And yes, I have played Fallout too :)

Playing it, even with a walkthrough, is like watching a whole set of seasons
of Babylon 5 or Battlestar Galactica.

So trying out UQM (open-source port) is a must. It also has quite good two
player fighting mode.

------
mrschwabe
How awesome is it that you can pickup an old game, one of your favorites
maybe, read the actual source code - which might even have a modern analysis
discussed at length by Fabien Sanglard - and then play the game... with all of
the community's latest tweaks/optimizations... AND then ... when you come
across a bug ... you can code the fix yourself!

After reading this article, I compiled Duke Nukem 3D and played enough to find
something that bothered me. Just pushed a fix for horizontal mouse-
look/strafing (to Fabien's 'chocolate' repo):

[https://github.com/fabiensanglard/chocolate_duke3D](https://github.com/fabiensanglard/chocolate_duke3D)
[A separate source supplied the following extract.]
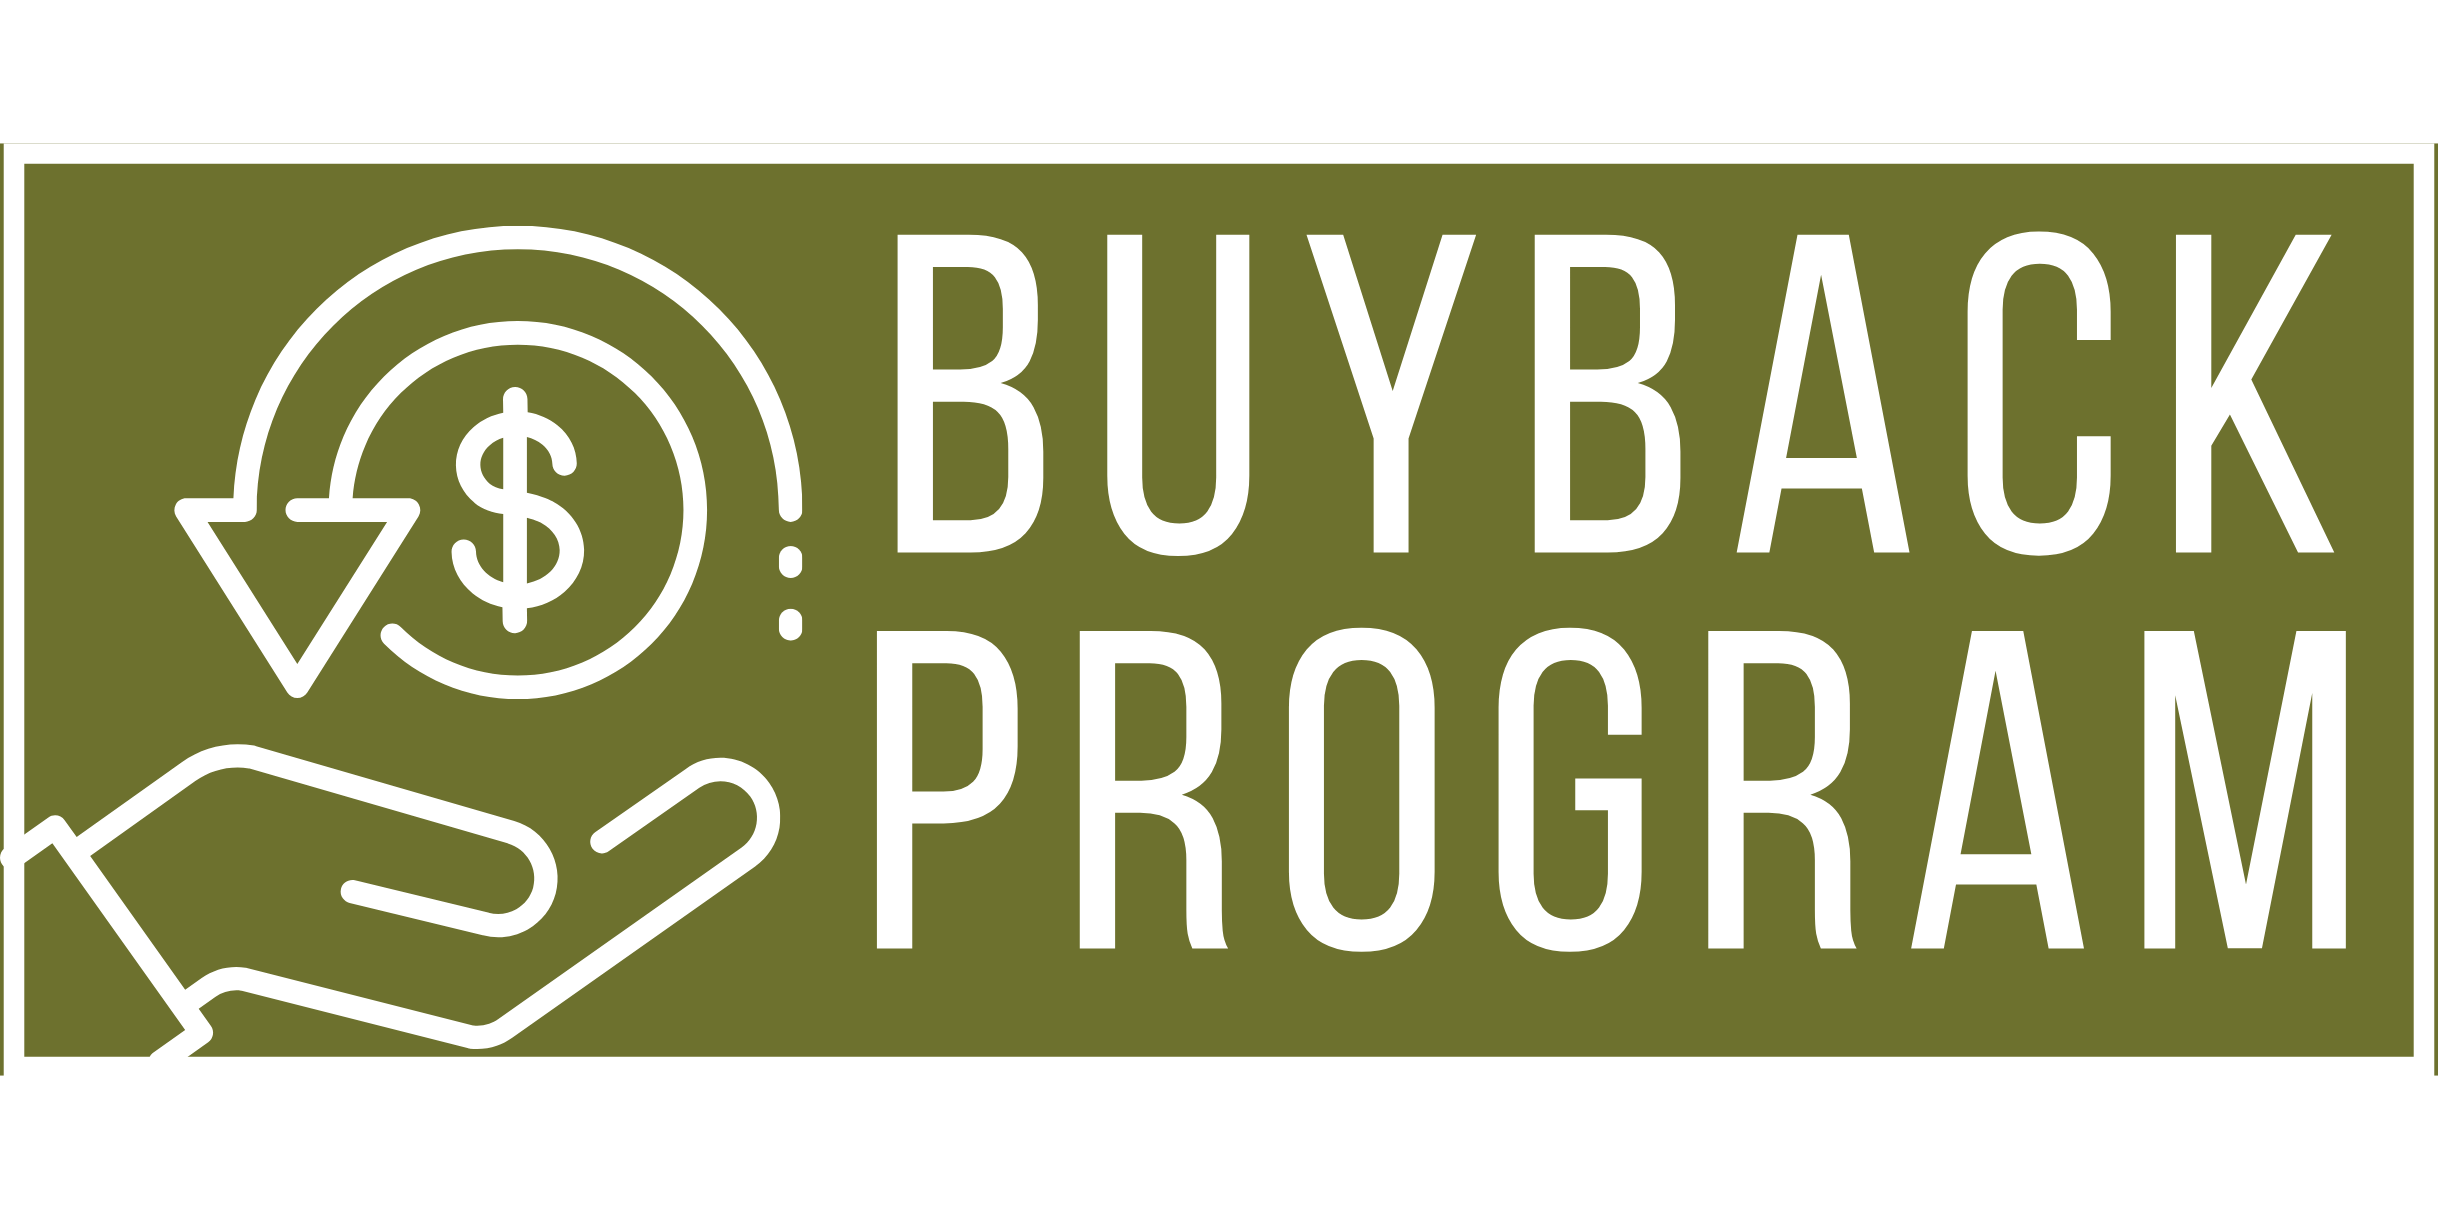 Harvard BuyBack Program for any who buy gold and silver from us

It's like this weird connection to the original devs ... and my childhood.

------
angersock
Something the author glosses over is that the Quake 3 engine is remarkably
clean in its separation of the game logic from the engine--the use of "traps"
gives something that very much reminds me of an operating system in some ways.

------
phodo
Great list. Thanks for putting together. Wish the entries had some metadata
around language, size, etc. just for kicks!

------
breadbox
Another example would be Fish Fillets. The GPL release of the source included
all of the assets, even the voice-acting sound files (though only available in
Czech). Info at [http://fillets.sf.net/](http://fillets.sf.net/) , released
source code at
[http://sourceforge.net/projects/fillets/files/original%20ALT...](http://sourceforge.net/projects/fillets/files/original%20ALTAR%20source%20code/)

------
stuxnet79
Homeworld is the only major one I know. They just released a remaster on Steam
though so I wonder how this has affected the modding community.

------
kabdib
Source for the Atari 800 version of Donkey Kong is here

[http://atariage.com/forums/topic/130904-donkey-kong-
source-c...](http://atariage.com/forums/topic/130904-donkey-kong-source-code/)

Beware gnarly 6502 assembly language :-)

------
lawlessone
Warzone 2100, still going strong.